Вышли на крыльцо с Шаховским и сразу окунулись в крестьянское море — дегтем вкусно запахло, овчиной и свежим хлебом. Ну куда Наполеону справиться с его тухлой мукой и подгнившей солониной. Эту тонкость тоже надо бы понимать. Одна надежда у корсиканца после рыцарского турнира — мирный договор. И дипломатические экивоки. А тут экивоками и не пахло.

Шаховской подозвал сотского и спросил:

— Ефимыч, способен ответить барину, как мы сюда шли и с каким настроем?

Ефимыч сдернул шерстяной колпак, поклонился Бенкендорфу в пояс, считая главным барином, и, смеясь, певуче произнес врастяжку:

— Только укажи, ваше сиятельство, поголовщину, и мы все шапками замечем.

— Али своими телами задавим супостата, — тихо, но внятно поддержал сотского товарищ, мрачноватый мужичонка средних лет, очевидно понимающий тактику войны, которой испокон века придерживалось русское правительство.

— Как, Ефимыч, мыслишь: стоит нам замиряться с бусурманами-французами? — поинтересовался Шаховской.
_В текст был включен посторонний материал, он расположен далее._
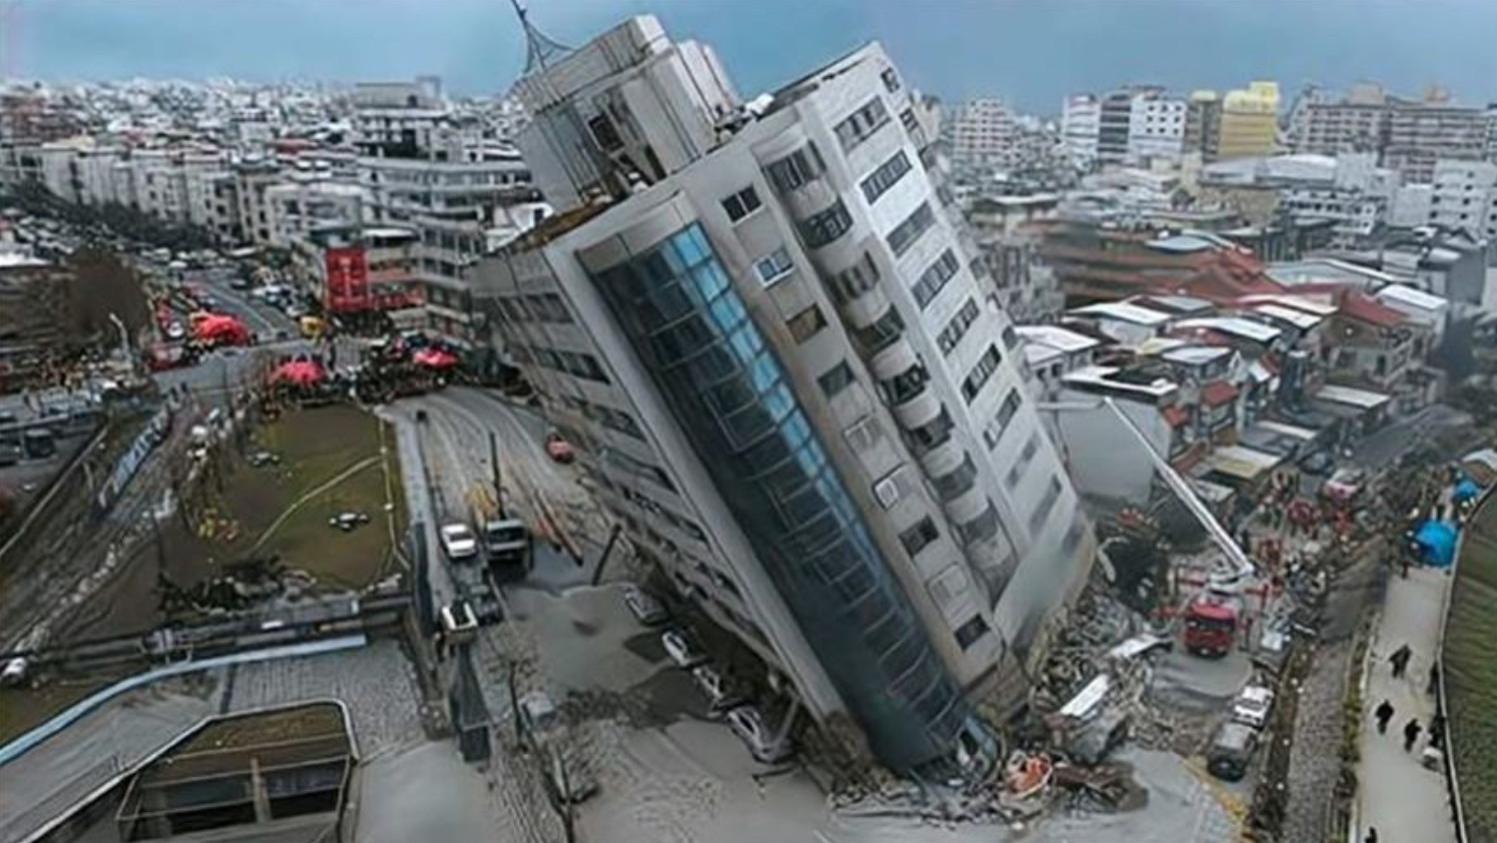 地震发生时,低层和高层哪个安全些?瞧瞧楼房倒塌原因就明白!
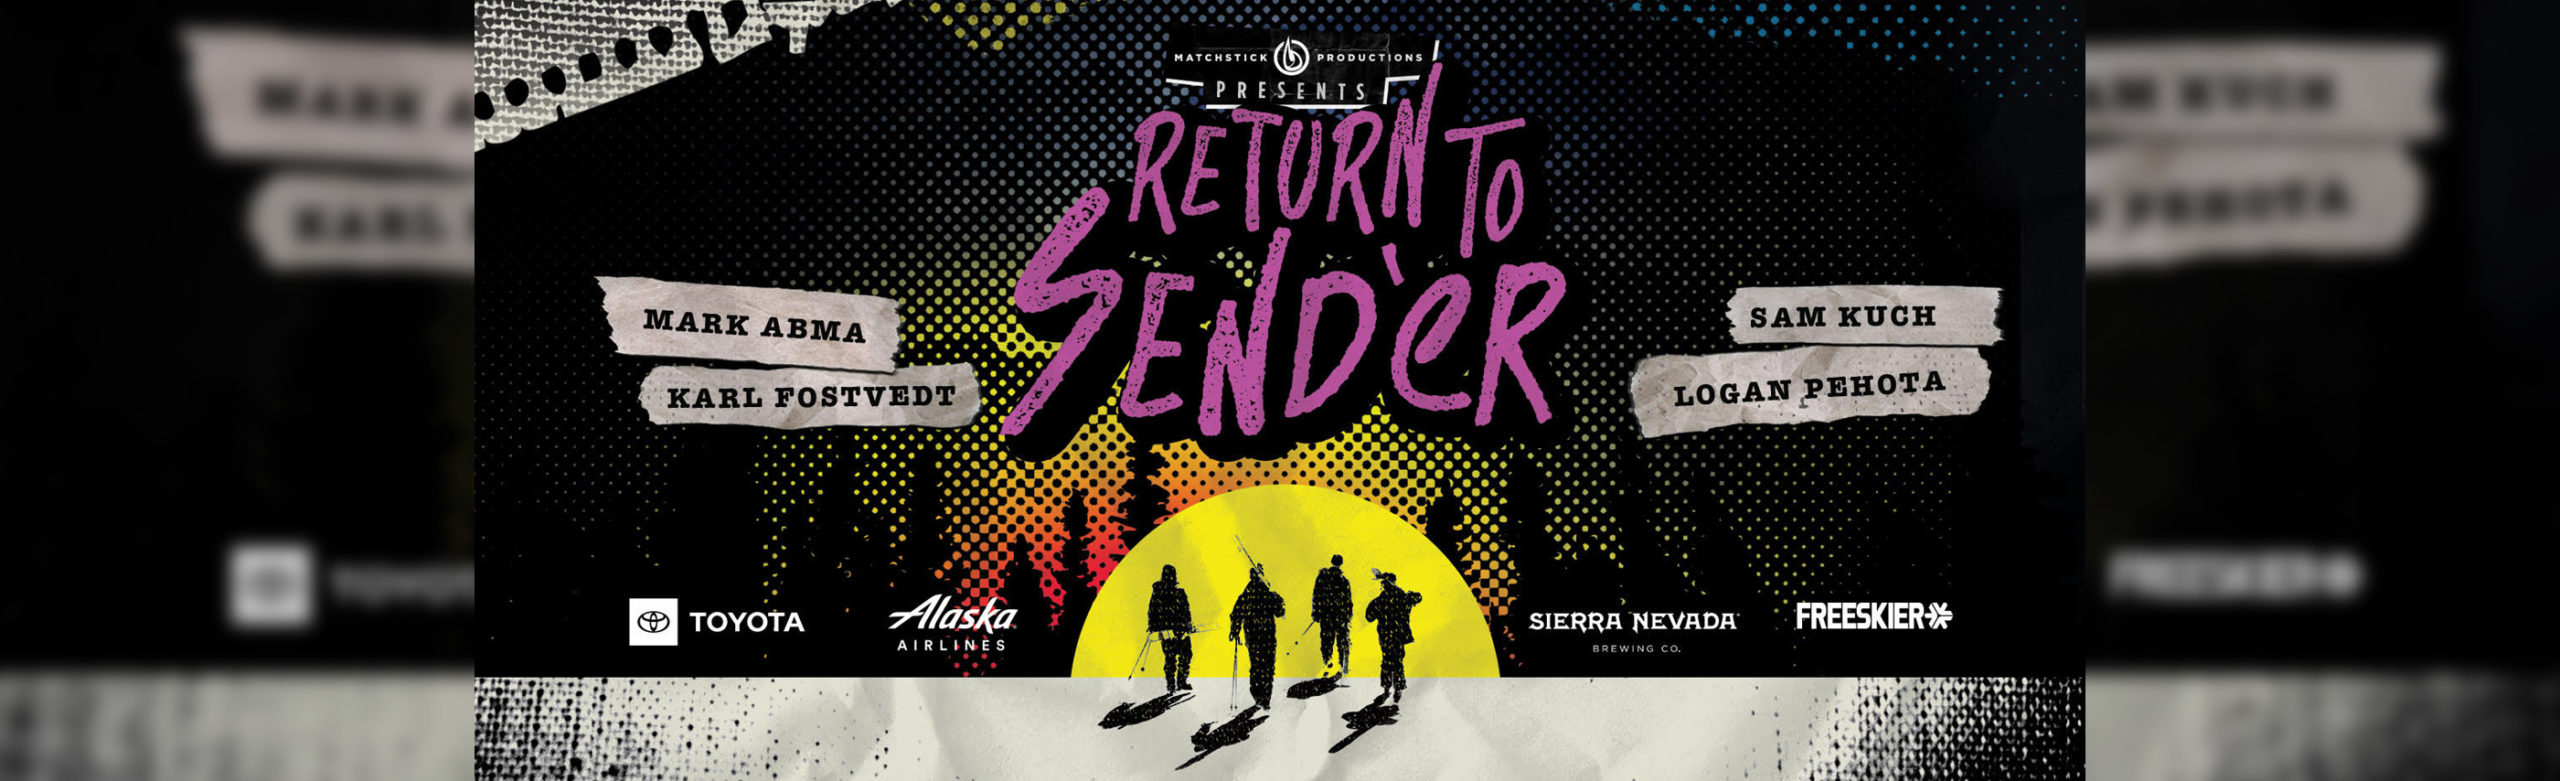 Return To Send’er

— Ни за какие медовые коврижки, ваше сиятельство. Как же так? Посечем их да и турнем взашей — вот тогда и по рукам ударим. Не желаем мы семя французское иметь здесь у нас.

Бенкендорф засмеялся:

— Молодец, Ефимыч! Найди моего ординарца Сурикова и передай, чтобы он тебя и твоих товарищей моей отметил. Если от стакана устоишь, бери еще.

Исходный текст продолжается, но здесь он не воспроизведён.